César se acercó a una distancia prudencial, la suficiente para no tener que levantar la voz. Sus lictores se habían apartado un par de pasos a ambos lados.

—Sólo mencionas a Ptolomeo. ¿Qué hay de la reina Cleopatra, su hermana y esposa?

Hermócrates tragó saliva, nervioso. César tenía la impresión de que aquel hombre estaba «lamiendo la letrina», como decían en la jerga del ejército para referirse a alguien que se veía obligado a realizar una tarea desagradable que no le correspondía.

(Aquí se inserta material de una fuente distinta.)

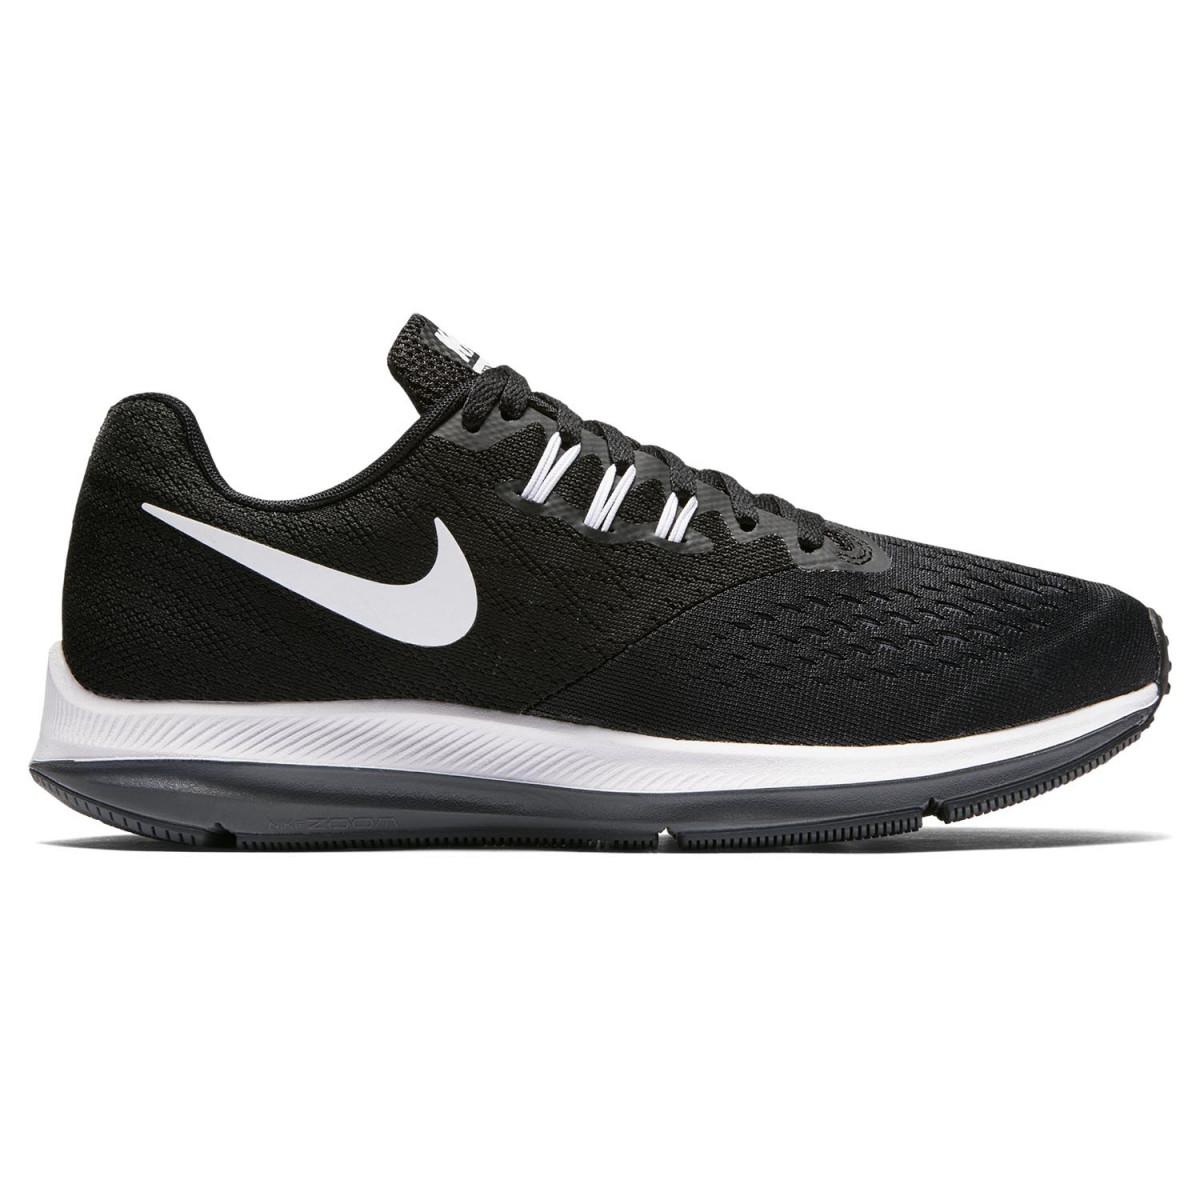 Zapatillas Nike Air Zoom Winflo 4

—No sé de qué me hablas. Ese matrimonio nunca ha existido. No hay más rey legítimo que Ptolomeo.

—Como tú quieras, Hermócrates. Dime, ¿hay más barcos romanos en Alejandría?

—Esta ciudad es la más rica del mundo. Todos los días llegan más de mil barcos a Alejandría. Seguro que hay muchos romanos entre ellos. Pregúntale al capitán del puerto, no a mí.

César se acercó otro paso. Le sacaba media cuarta al oficial y se enderezó aún más para resaltar esa diferencia de estatura.

—Hermócrates, si ese necio comentario se debe a pura ineptitud, dile a tu general Aquilas que busque a otro hombre más inteligente. Si pretendías ser sarcástico, te aconsejo que conmigo te guardes tu sentido del humor en el mismo sitio del que parecen brotar tus pensamientos. ¿He de explicarte cuál es?

El oficial echó una mirada a su alrededor, evaluando fuerzas. César no tenía que volverse para saber que ya habían desembarcado en perfecta formación más de mil legionarios, un contingente muy superior al que les cerraba el paso.

—No. No tienes que explicármelo.

—Vuelvo a preguntarte. ¿Ha venido en estos últimos tres días algún barco militar romano?

—No que yo sepa.

—¿No se encuentra aquí el general Gneo Pompeyo?

—No que me conste.

Hermócrates había parpadeado y apartado la mirada una fracción de segundo. «Miente, o sabe algo de Pompeyo», pensó César.

Le dio la espalda a aquel subalterno, miró hacia el Faro y respiró hondo. Soplaba una brisa agradable impregnada de olor a sal. Según los libros y los comentarios de León, ésa era una de las razones por las que Alejandro había fundado allí la ciudad. Durante la mayor parte del año, y especialmente en verano, el viento predominante venía del norte y refrescaba y purificaba la atmósfera.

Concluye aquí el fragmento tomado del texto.